Credit: Stux/Pixabay

As the government develops a post-Brexit data-protection regime intended to “break down the barriers” that prevent businesses using data, a minister has claimed that the UK does not need “exact alignment” with EU law to maintain the ability to share information across European borders.

The data adequacy status, granted by the European Commission 10 months ago, certifies that the UK’s privacy law “offers an adequate level of protection” to the personal data of EU citizens. The designation means that data is, effectively, free to be transferred between organisations in the UK and the remaining 27 EU member states – as well as Norway, Liechtenstein and Iceland.

Shortly after the achieving adequacy, ministers announced the government would be “reforming [the UK’s] data laws so that they’re based on common sense, not box-ticking… to pursue a new era of data-driven growth and innovation”. Part of these plans was reaching its own adequacy arrangements with various countries around the world, with the US, Australia, Colombia, the Republic of Korea, and Singapore earmarked as the top priorities, followed by Brazil, India, Kenya and Indonesia.

Experts have warned that any major deviation from European law – particularly the possibility of granting adequacy to the US and other countries not certified as such by the EC – could imperil the UK’s hard-won EU adequacy status.

In a written parliamentary question, shadow attorney general Emily Thornberry asked whether ministers from HM Treasury and the Department for Digital, Culture, Media and Sport – which is responsible for data protection policy – had met to discuss “the costs and benefits for UK businesses of [DCMS’s] proposed reforms of UK data protection regulation and potential risks to the UK's future data adequacy status with the EU”.

Related content

• Users will have more control over personal data under new regulatory regime, minister pledges
• Privacy Shield: government working with ICO to ‘update guidance as soon as possible’
• Whitehall departments reported 500 personal data breaches to ICO in FY20

In response, exchequer secretary to the Treasury Helen Whately said that ministers and officials from the two departments “continue to work closely… on proposed reforms of UK data protection regulation”.

The government does not believe it needs to stick stringently to European regulations in order to maintain its EU-granted status, the minister indicated.

“The UK regained autonomy over its domestic data-protection laws on 1 January 2021 and exact alignment to EU law is not a requirement for EU data adequacy,” Whately said. “The UK can reshape its approach to regulation and seize opportunities with its new regulatory freedoms, helping to drive growth, innovation and competition across the country. In doing so, the UK intends to maintain its high standards of data protection and ensure that the UK data regime continues to be based on public trust in the responsible use of data.”

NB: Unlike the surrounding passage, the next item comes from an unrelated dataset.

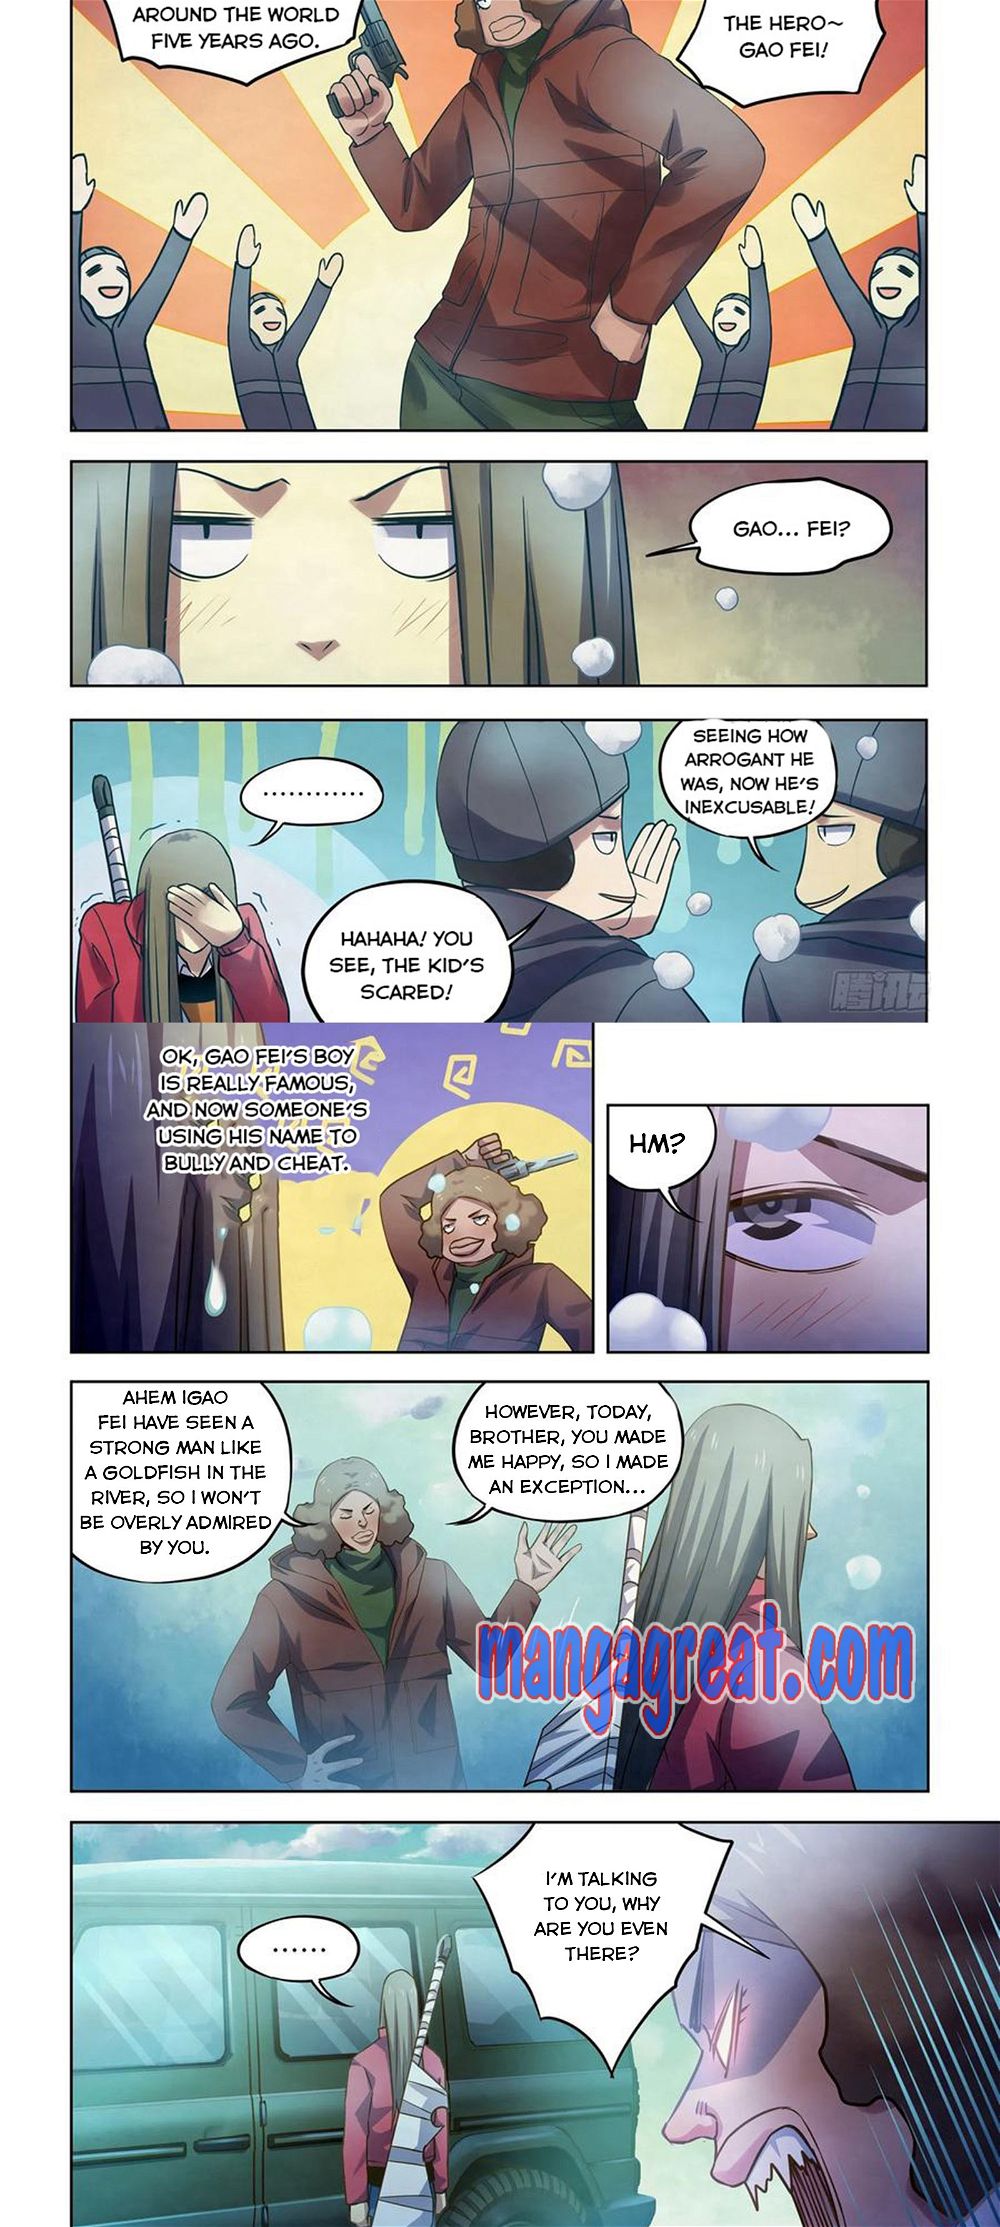 The Last Human Chapter 323 - Page 4

She added: “The economic impact of any future legislation to implement these reforms will be assessed in the usual way, and we will continue to engage with EU counterparts, as appropriate, on these issues. The government response to the ‘Data: a new direction’ consultation will be published in the spring.”

The UK was finally granted adequacy status by the EC in June 2021, after more than a year of discussions – and six months after formally exiting the European Union. The UK is one of 13 nations and territories recognised as adequate, and is the only country whose status covers the exchange of information between law-enforcement bodies.

Whately’s assertion that the UK can retain this status even if its privacy laws start to diverge from those of the EU comes in light of warnings that this will not be the case.

Shortly after the UK achieved adequacy status, Jon Baines, senior data protection specialist at business law firm Mishcon de Reya, told PublicTechnology if “if the UK takes a bold decision to make data transfers to US easier… that would almost certainly present a risk for the EU adequacy decision”.

“For all third-party countries around the world, the government has said that we going to look at our own adequacy assessments. And each of those is going to be scrutinised by the EU,” he added. “While we have some freedom to set our own data laws and apply our own data regime, none of this is going to happen in a vacuum.”